*** INFORMATION SUPPLIED ***
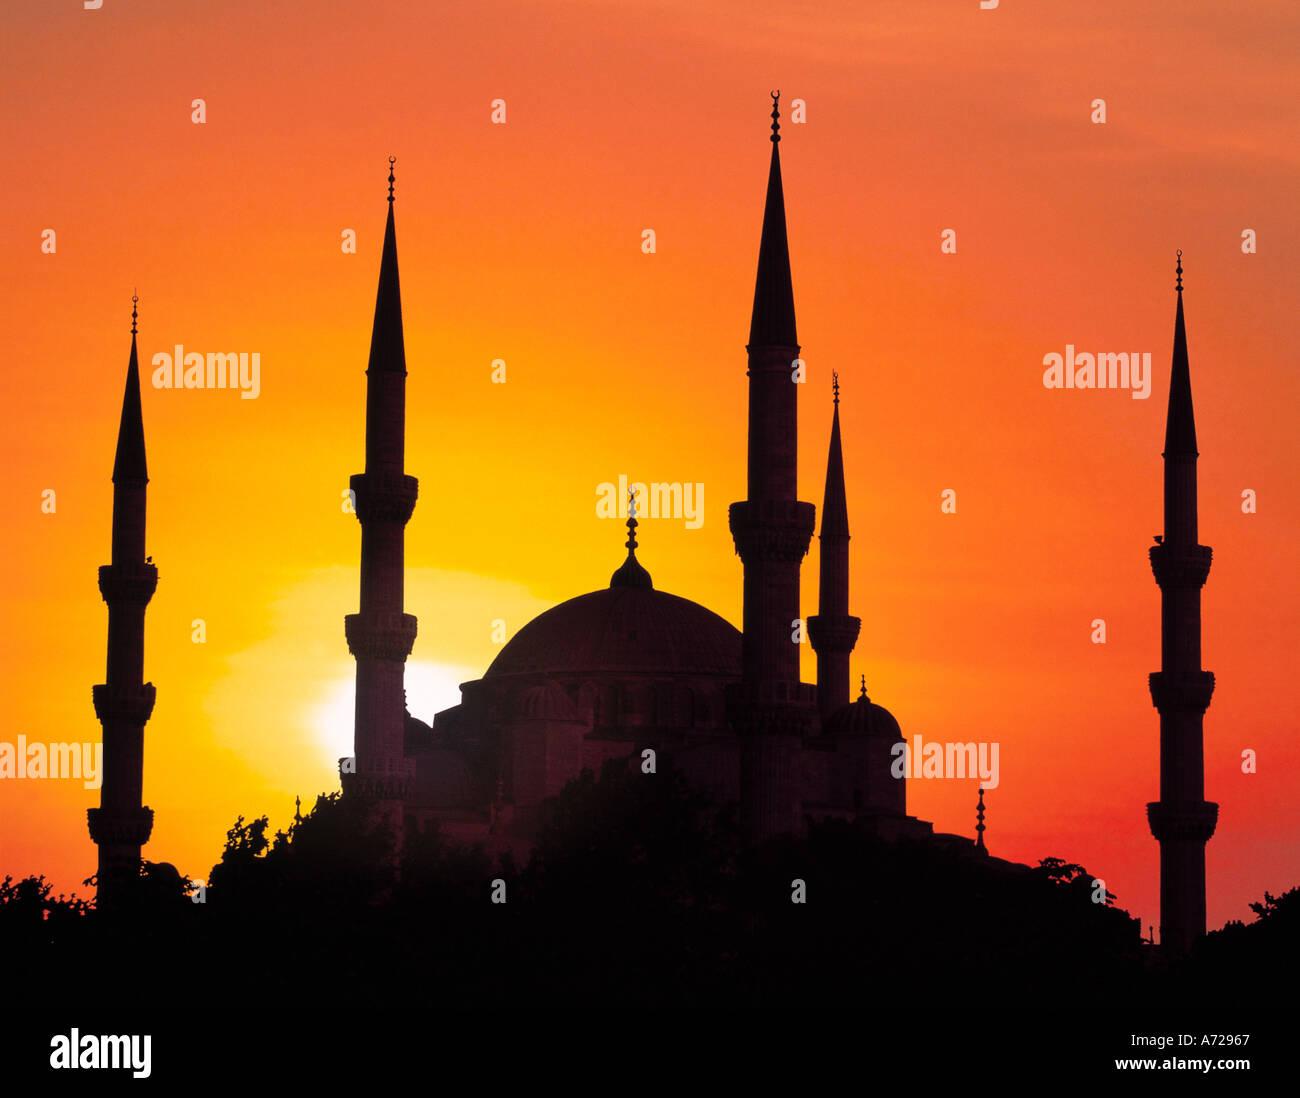 Sultan Ahmet Camii Moschee blaue Moschee in Istanbul Türkei Stockbild
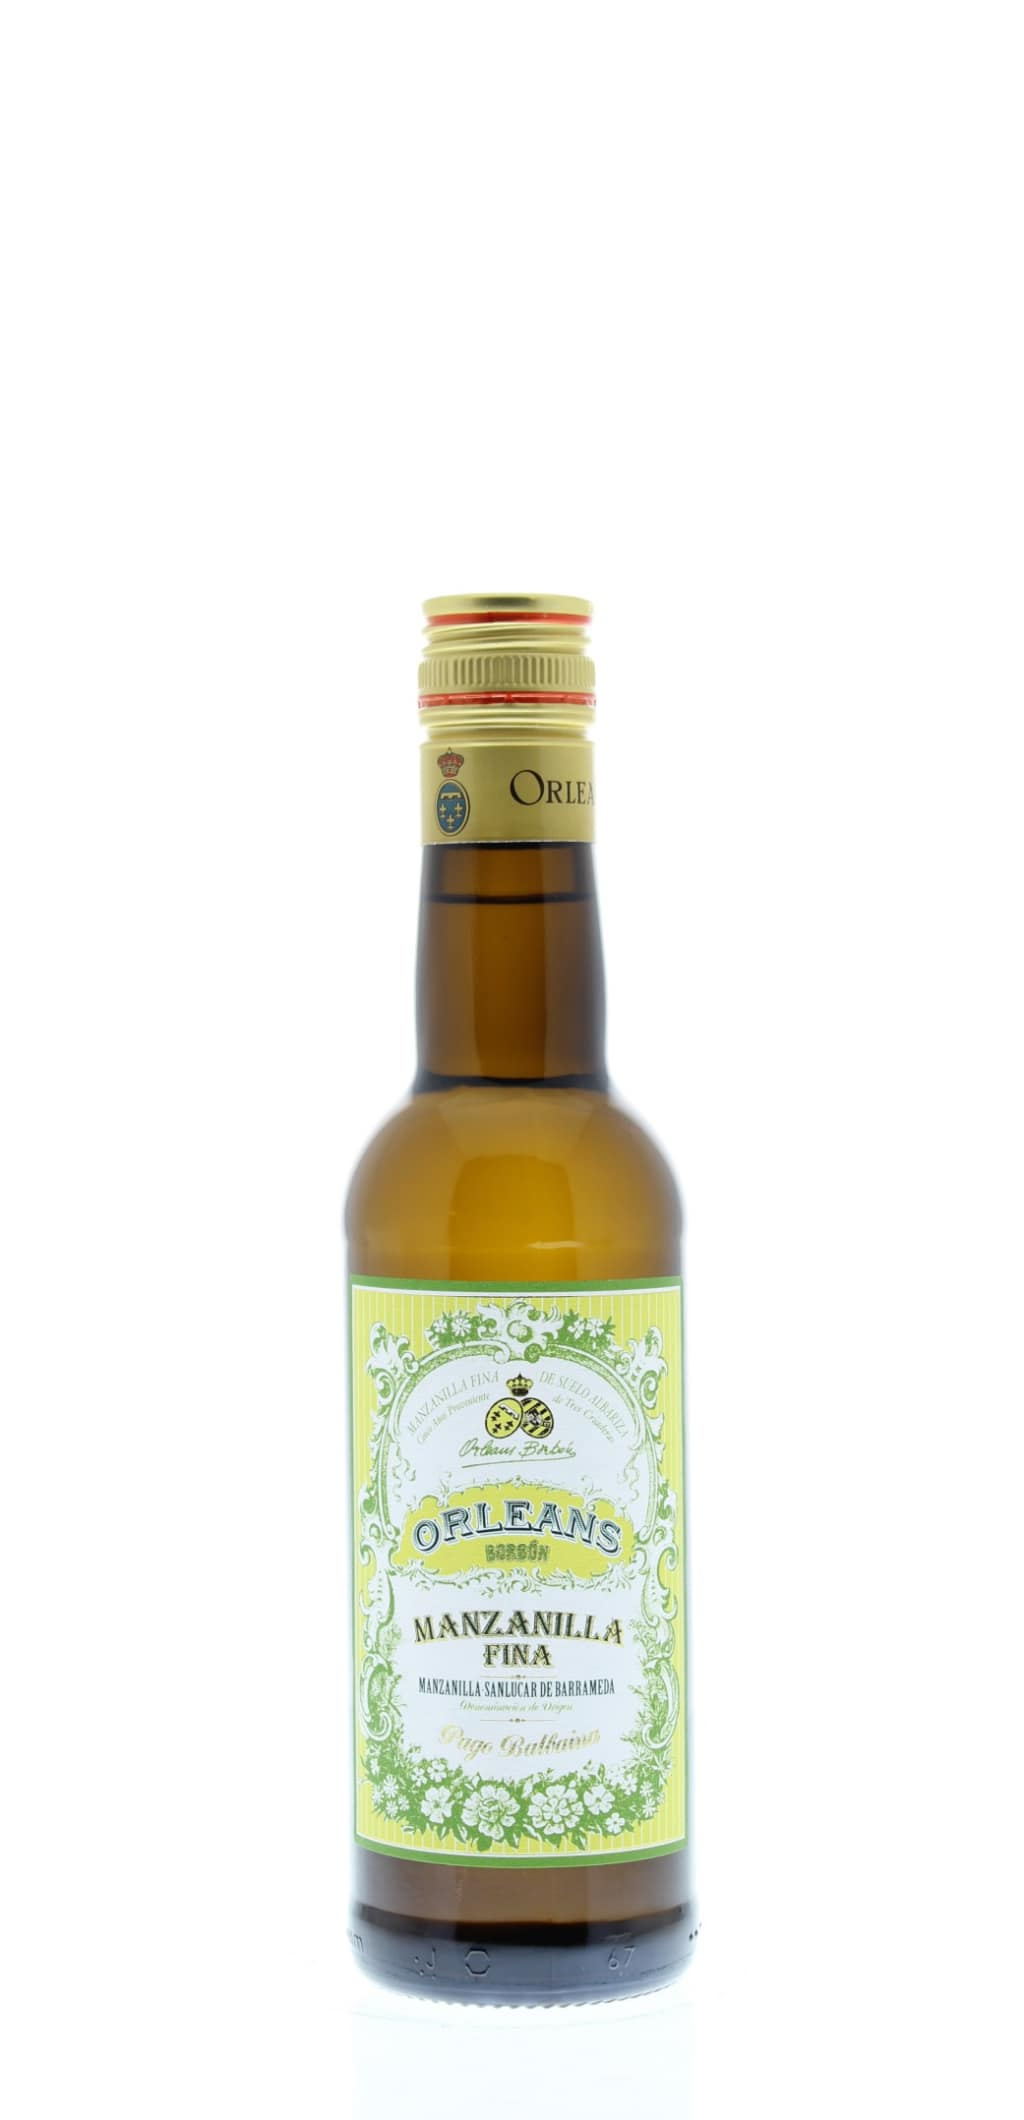 Orleans Borbon Manzanilla Sherry (375ML half-bottle)
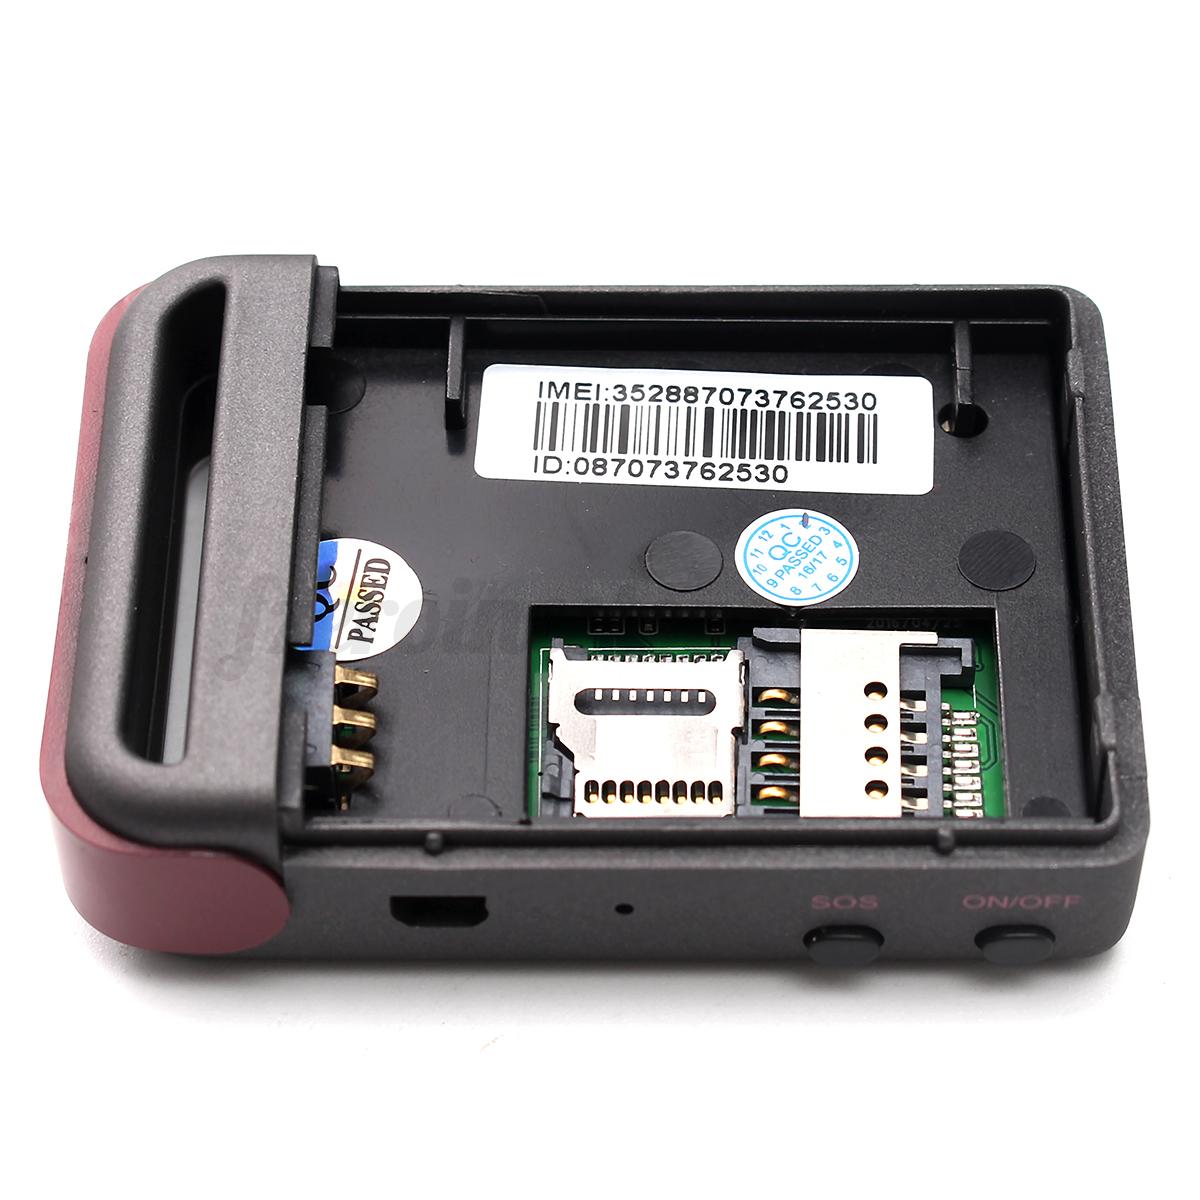 mini localizzatore tk102b satellitare gprs gps gsm manual gps tracker 102 b español gps tracker tk102-2 manual
*** End of INFORMATION SUPPLIED ***
(WHAT IS EXPECTED): Where a picture appears in the material above, skip it, and print the rest exactly.

(SOLUTION TO THE PROBLEM):
 Sultan Ahmet Camii Moschee blaue Moschee in Istanbul Türkei Stockbild
 Orleans Borbon Manzanilla Sherry (375ML half-bottle)
 mini localizzatore tk102b satellitare gprs gps gsm manual gps tracker 102 b español gps tracker tk102-2 manual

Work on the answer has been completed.